On 2017/12/19 19:06, Amit Langote wrote:
> Hi.
>
> I have a patch that rearranges the code around partition tuple-routing,
> such that allocation of per-partition objects (ResultRelInfo,
> TupleConversionMap, etc.) is delayed until a given partition is actually
> inserted into (i.e., a tuple is routed to it).
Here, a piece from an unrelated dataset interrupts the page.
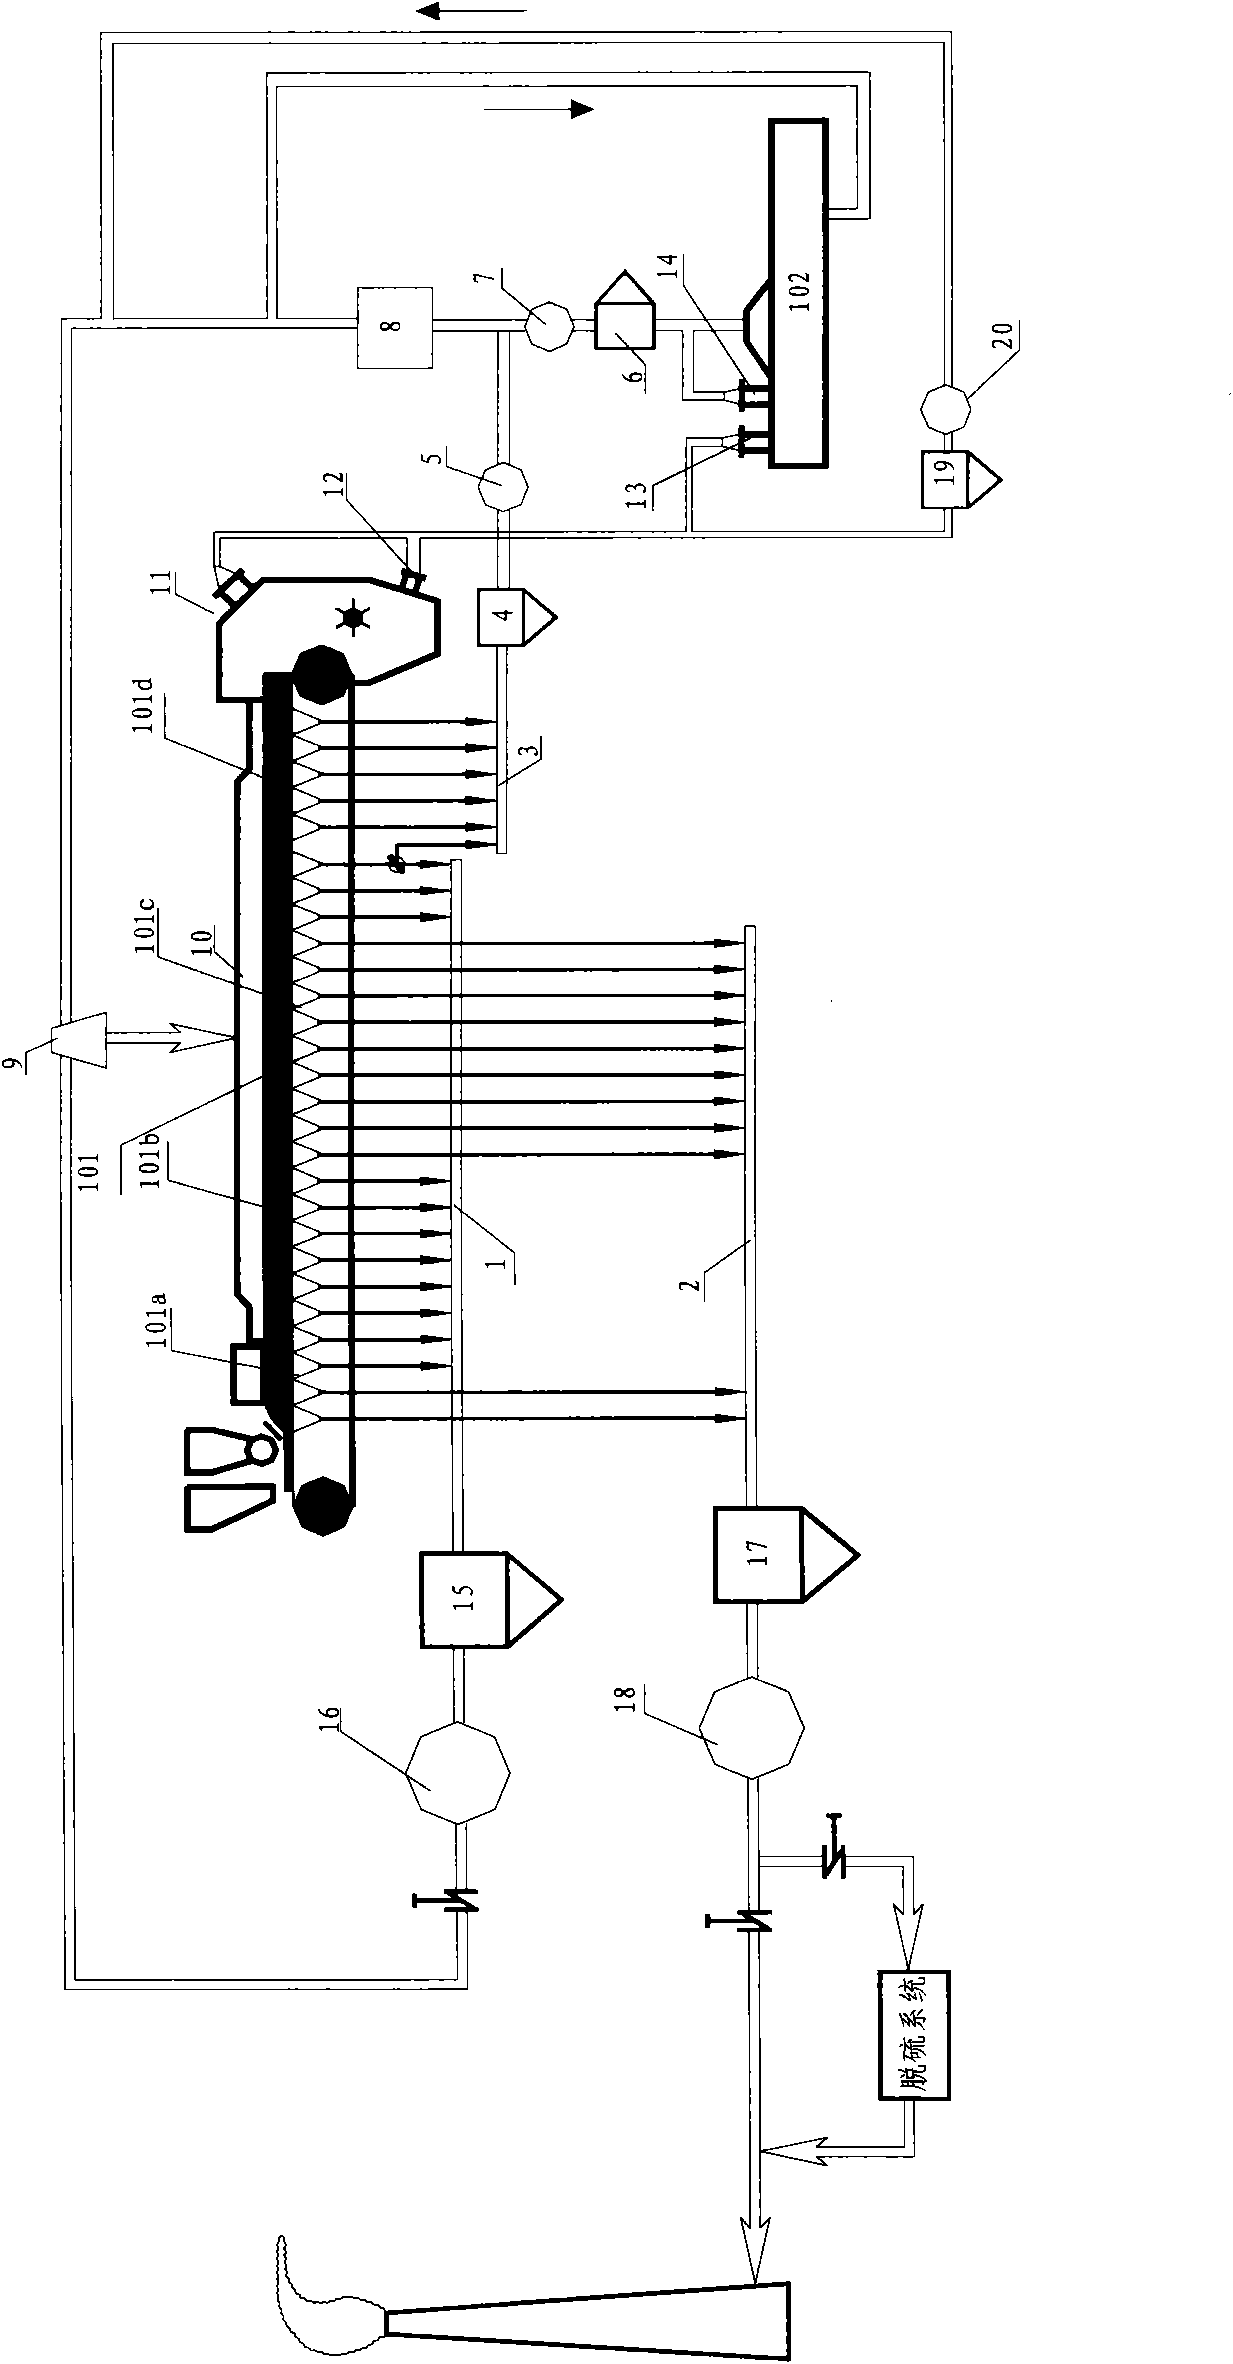 Method for treating smoke generated by sintering ore materials

I can see good win for
> non-bulk inserts with the patch and the patch is implemented such that it
> doesn't affect the bulk-insert case much.
>
> Performance numbers:
>
> * Uses following hash-partitioned table:
>
> create table t1 (a int, b int) partition by hash (a);
> create table t1_x partition of t1 for values with (modulus M, remainder R)
> ...
>
>
> * Non-bulk insert uses the following code (insert 100,000 rows one-by-one):
>
> do $$
> begin
> for i in 1..100000 loop
> insert into t1 values (i, i+1);
> end loop;
> end; $$;
>
> * Times in milliseconds:
>
> #parts HEAD Patched
>
> 8 6216.300 4977.670
> 16 9061.388 6360.093
> 32 14081.656 8752.405
> 64 24887.110 13919.384
> 128 45926.251 24582.411
> 256 88088.084 45490.894
>
> As you can see the performance can be as much as 2x faster with the patch,
> although time taken still increases as the number of partitions increases,
> because we still lock *all* partitions at the beginning.
>
> * Bulk-inserting 100,000 rows using COPY:
>
> copy t1 from '/tmp/t1.csv' csv;
>
> * Times in milliseconds:
>
> #parts HEAD Patched
>
> 8 458.301 450.875
> 16 409.271 510.723
> 32 500.960 612.003
> 64 430.687 795.046
> 128 449.314 565.786
> 256 493.171 490.187
>
> Not much harm here, although numbers are a bit noisy.
>
> Patch is divided into 4, first 3 of which are refactoring patches.
>
> I know this patch will conflict severely with [1] and [2], so it's fine if
> we consider applying these later. Will add this to next CF.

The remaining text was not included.